We think of the age of colonialism as ending in the post-World War II era, but with a globalized economy, and enormous disparities of wealth between the West and the global South, the age of colonialism has simply continued in a different form. I am not so naïve as to think that globalization is an entirely negative phenomenon, but I think it is equally naïve not to consider the new, and in some ways more insidious challenges to the basic human rights of people living in the global South that globalization invites and encourages.

Our neo-con and libertarian friends believe it is the role of government to guarantee property rights and to enforce contracts, and that’s about it. But, as the action by the Cameroonian government evidences, it also falls to government to set limits to property rights and to monitor contracts which may or may not have been negotiated in good faith. Additionally, the idea of a group of African farmers having the capability to freely negotiate with a powerful multi-national corporation makes a mockery of the word “free” in the phrase “free market.” People who are in desperate living situations are not free. They cannot afford lawyers to advise them. They cannot attempt to buy off corrupt officials. Large Western multinational corporations have all these arrows in their quiver.
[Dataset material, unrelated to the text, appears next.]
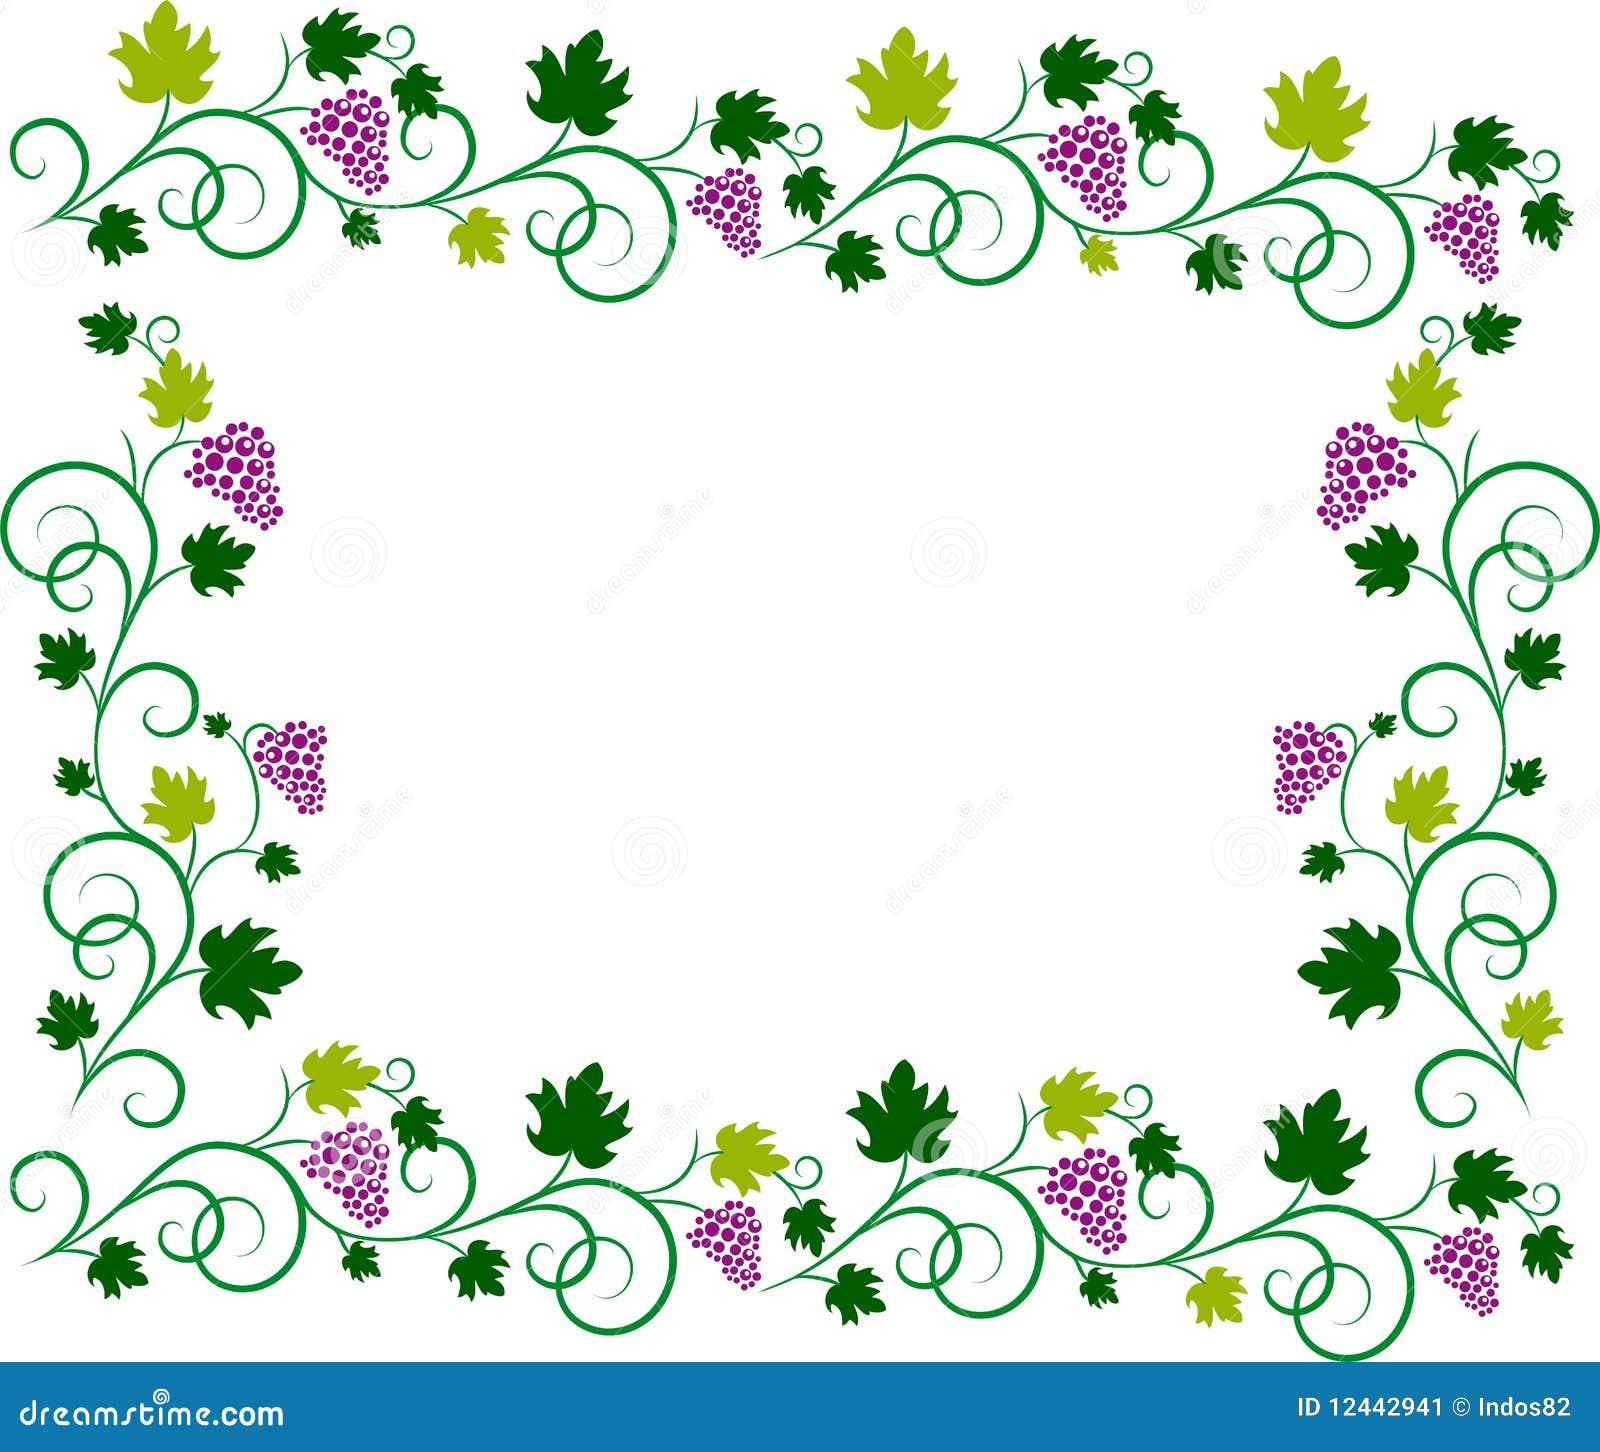 Vine Frame Stock Image - Image: 12442941 Flower Vine Clipart

Just as importantly, and here we see echoes of the ideological battles that afflict the U.S., it is the role of government to pursue the common good and sometimes that means putting limits on the power of concentrated wealth which seeks only its own profit. Pope Francis has been quite clear on this theme, encouraging political leaders to defend the common good and challenging those who shirk that responsibility.

The fight in Cameroon is little different from the basic political struggle that has shaped progressive politics in the United States. I have quoted this before, but it always bears repeating:

American democracy has come to accept the struggle among competing groups for the control of the state as a positive virtue – indeed, as the only foundation for liberty. The business community has been ordinarily the most powerful of these groups, and liberalism in America has been ordinarily the movement on the part of the other sections of society to restrain the power of the business community.

Arthur Schlesinger, Jr. wrote those words in his seminal book, “The Age of Jackson.” The government of Cameroon’s decision to halt the predatory activities of Herakles Farms stands in a long tradition, the tradition of “the movement on the part of other sections of society to restrain te power of the business community.” It is a proud tradition as well as a long one, and as Catholics and liberals, we should do everything in our power to see that tradition firmly planted in the soil of Africa and the global South. The Africa Faith & Justice Network is doing its part. Politically engaged Catholics must do theirs too, either by monitoring these issues or helping the AFJN to do so.